Здесь, как нигде в сохранившихся ранних письменных творениях рода человеческого, соединяются и обособляются добро и зло в качестве двух принципов. В своем изначальном общении они выступают как "близнецы". Из какого семени и лона они происходят, нам не говорят, но позже мы узнаем, что высший Бог, Ахурамазда, "Мудрый владыка", был отцом доброго духа. Таким образом, обе исконные противоположности вышли из него. О матери, участие которой могло бы объяснить противоречие, мы ничего не узнаем. Бог, правда, окружает себя добрыми силами, позволяет им бороться со злыми и победить их; однако противоположность, с которой он борется, охватывалась, очевидно, им самим, и он положил ее из себя в бытие принципов. Кажется, что сначала он должен был избавиться от зла, чтобы покорить его. Если с противостояния близнецов начинается творение, которое совершается с их помощью, то Бог до творения еще не благой, а, став благим в сотворении, борется с тем, что он обособил от себя. При таком понимании исконный акт Божий есть решение в Нем самом, исконный выбор между еще сплоченными добром и злом, который подготавливает и делает возможными действия в выборе: собственный выбор добра, который только и превращает его в действующее, действительное добро, и собственный выбор зла, который только и превращает его в действующее, действительное зло. Однако исконный выбор имеет своей целью не творение, он происходит при "повороте" в конце борьбы, посредством которой бытие достигает спасения.

В борьбе за спасение сотворенный человек сам призван совершить выбор между добром и злом, С того момента, как "мудрый владыка" вдохнул в него жизнь, ему доверено решение. С выбором его даэна, его самость, вступила на земной путь; однако он должен все время вновь и вновь разделять в предстающих ему новых смешениях обман и истину и принимать решения. Ему должна быть оказана помощь свыше; "так как лучший путь не открыт перед выбором, — говорит Заратустра, — я прихожу ко всем вам, чтобы мы жили по истине". Его задача "поставить людей перед выбором" и указать им правильный путь, чтобы они, как сказано в конце того стиха, где речь идет о выборе близнецов, по собственному решению покорялись мудрому владыке и совершали дела, следуя истине. Те, кто так поступают, помогают ему "довести существование до просветления".

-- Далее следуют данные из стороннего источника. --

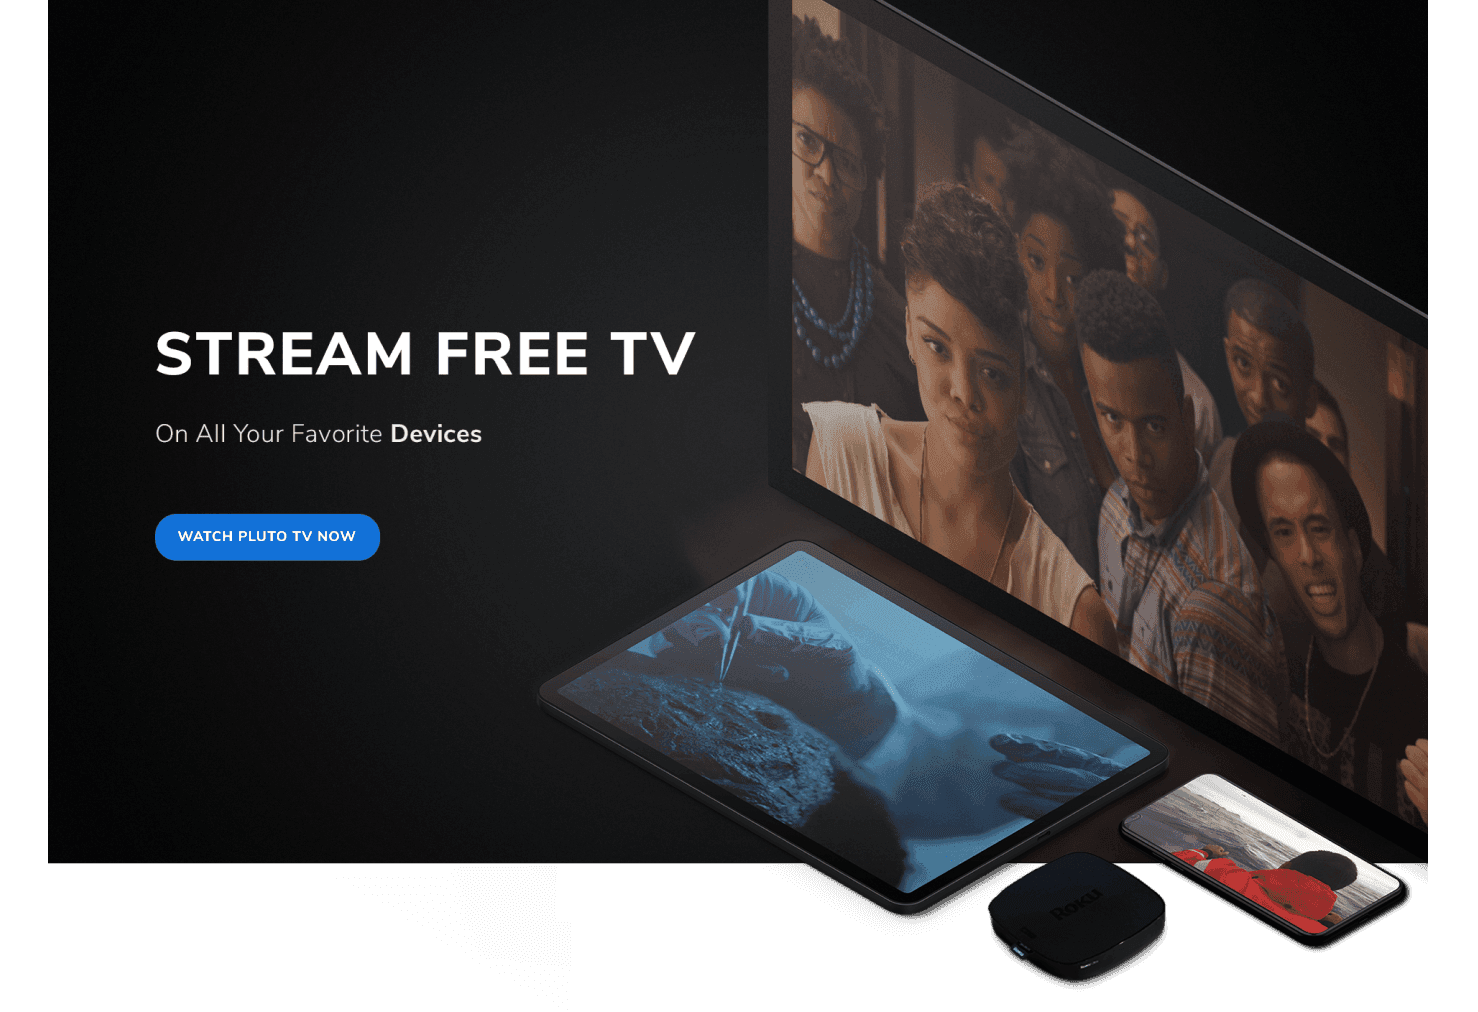 Stream TV on all your favorite devices

Подобно владыке небес, и человек совершает внутренний выбор между добром и злом, которые он так же, как тот, содержит в себе. Но между Богом и человеком стоят исконные духи; они также совершают выбор, но в чистой парадоксальности. Ни в них, ни перед ними не стоит двоякое; каждый заключает в себе лишь самого себя в крайней обособленности: другое выступает для него лишь как его противник; в такой ситуации он выбирает самого себя, свой тип и соответствующее ему свершение. Выбирая, каждый из них подтверждает самого себя. Злое избирает и подтверждает самого себя, но не только как такое, а не иное по своим свойствам, а именно как злое, и тем, кто ему следуют, оно не только предназначает пребывать с ним после смерти, а определяет их участь как самое злое существование (в этом учении нет различения между категориями дурного и злого; зло и есть то, что творит дурное, и в конечном итоге нет иного дурного, кроме созданного им). Злое начало хочет зла как такового, и этим оно выполняет волю верховного Бога, создавшего его и его двойника; только путем покорения несмягченного зла существование достигает просветления. Здесь не задается самый мучительный вопрос: как в Боге, в исконном бытии могло быть зло? В зороастризме все настойчивее предлагается этот вопрос, пока наконец западноиранская религия не даст на него ответ в мифе о Зурване, о безграничном времени. Нам этот миф известен только в поздней обработке[137], однако его первоначальное содержание очевидно. Зурван пробуждается, очевидно, от изначального сна и, бормоча (по-видимому, имеется в виду песня о рождении богов, известная нам благодаря Геродоту), приносит жертвы в течение тысячи или десятков тысяч лет, чтобы ему был дан сын Ахурамазда, который создаст Небо и Землю. Здесь неуместно спрашивать, кому Зурван приносит жертвы, именно так приносят жертвы (или жертвуют собой) и древнейшие индийские боги, чтобы из них возник мир. После всех тщетных жертвоприношений Зурван начинает сомневаться: "Какой смысл в жертвах? Быть может, бытие есть ничто?" Тогда в материнском лоне возникли двое: мудрый владыка — из жертвы, злой дух — из сомнения. Зурван же, очевидно, двуполый Бог. Зло возникает в нем вследствие его грехопадения. Он не выбирает, он сомневается. Сомнение — отказ от выбора, отказ от принятия решения. Из него возникает зло.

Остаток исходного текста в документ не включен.